L’Algérie mise sur le Sahara pour réduire sa dépendance céréalière avec l’appui italien
AGI - Dans le sud-ouest algérien, au cœur du Sahara, le projet agricole développé par le groupe italien BF Spa à Timimoun illustre les ambitions croissantes d’Alger en matière de sécurité alimentaire et de souveraineté économique. L’initiative, portée par la filiale BF International, vise à transformer une vaste zone désertique en pôle de production céréalière à grande échelle, dans un contexte marqué par les tensions sur les marchés mondiaux du blé depuis la guerre en Ukraine et les perturbations des chaînes d’approvisionnement internationales.
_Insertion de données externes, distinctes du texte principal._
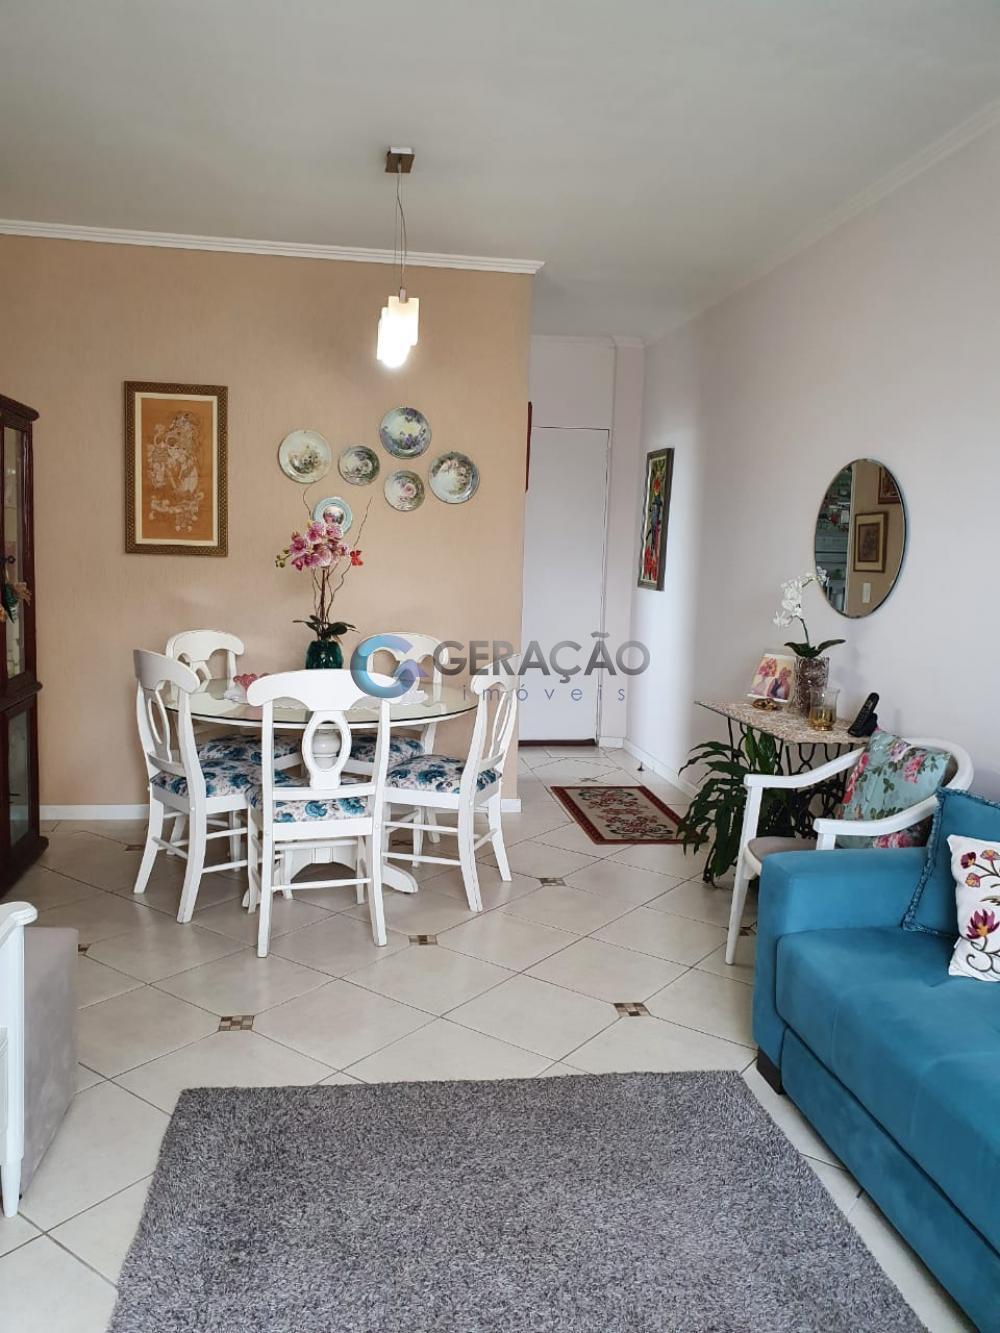 Comprar Apartamento / Padrão em São José dos Campos R$ 330.000,00 - Foto 3

Le projet couvre environ 36 000 hectares, dont entre 22 000 et 24 000 hectares effectivement irrigables. L’objectif algérien est clair : réduire progressivement la forte dépendance du pays aux importations de céréales, particulièrement sensibles sur les plans budgétaire, social et politique. L’Algérie demeure l’un des principaux importateurs mondiaux de blé, une vulnérabilité devenue stratégique dans un environnement international plus instable.
Partenariat économique italo-algérien
Pour Rome, cette coopération dépasse le seul cadre agricole. Elle s’inscrit dans l’approfondissement du partenariat économique italo-algérien, longtemps centré sur l’énergie, mais désormais élargi aux secteurs industriels, agroalimentaires et technologiques. Le projet de Timimoun apparaît ainsi comme l’un des exemples les plus ambitieux de la présence italienne dans la transformation économique de l’Algérie.
Développement des cultures céréalières
Selon Giovanni Mazzotti, responsable agricole des projets de BF International, la sélection de l’Algérie repose à la fois sur la qualité des relations bilatérales et sur deux facteurs structurels : l’existence d’un déficit chronique de production céréalière et la disponibilité de vastes surfaces exploitables dans le Sahara.
Création d’un écosystème agricole
Le chantier a cependant nécessité la création quasi intégrale d’un écosystème agricole dans une région dépourvue d’infrastructures de base. Le groupe italien a dû accélérer simultanément le forage de puits, l’installation des systèmes d’irrigation, la construction de pistes agricoles et l’organisation logistique des opérations sur le terrain. En quelques mois, 40 systèmes d’irrigation pivot importés d’Italie ont été mis en service, chacun couvrant environ 40 hectares.
Laboratoire pour l’agriculture saharienne
Au-delà de la production céréalière elle-même, le projet constitue un laboratoire grandeur nature pour l’agriculture saharienne. Les premiers cycles de culture ont permis de collecter des données sur la qualité de l’eau, les caractéristiques des sols désertiques et l’adaptation génétique des variétés de blé aux conditions extrêmes du Sahara. BF estime qu’il faudra entre deux et trois ans pour stabiliser pleinement les performances agronomiques de la zone. L’objectif affiché est d’atteindre un rendement moyen d’environ 60 quintaux par hectare, un niveau considéré comme particulièrement compétitif dans un environnement désertique.
Innovation technologique et semences
La dimension technologique occupe une place centrale dans l’initiative. Le groupe italien a introduit des semences développées par la Sis (Società italiana sementi), spécialisée dans le blé tendre et dur, ainsi que des équipements agricoles, moissonneuses-batteuses et fertilisants innovants. Parmi les variétés déjà implantées figure “Ciccio”, présentée comme l’une des plus performantes actuellement disponibles sur le marché algérien.
Modernisation agricole en Algérie
Selon Mazzotti, une partie importante des semences encore utilisées en Algérie provient de programmes génétiques datant des années 1980 et 1990, avec des limites croissantes en matière de rendement. Le projet vise donc aussi à moderniser l’écosystème agricole local par le transfert de technologies et de savoir-faire italiens.
Gestion de l’eau dans le Sahara
L’enjeu hydrique reste néanmoins déterminant. “Sans eau, aucune agriculture durable ne peut exister dans le Sahara”, a souligné Mazzotti, tout en rappelant que le climat désertique présente également certains avantages agronomiques, notamment la faible humidité qui limite les maladies et les parasites.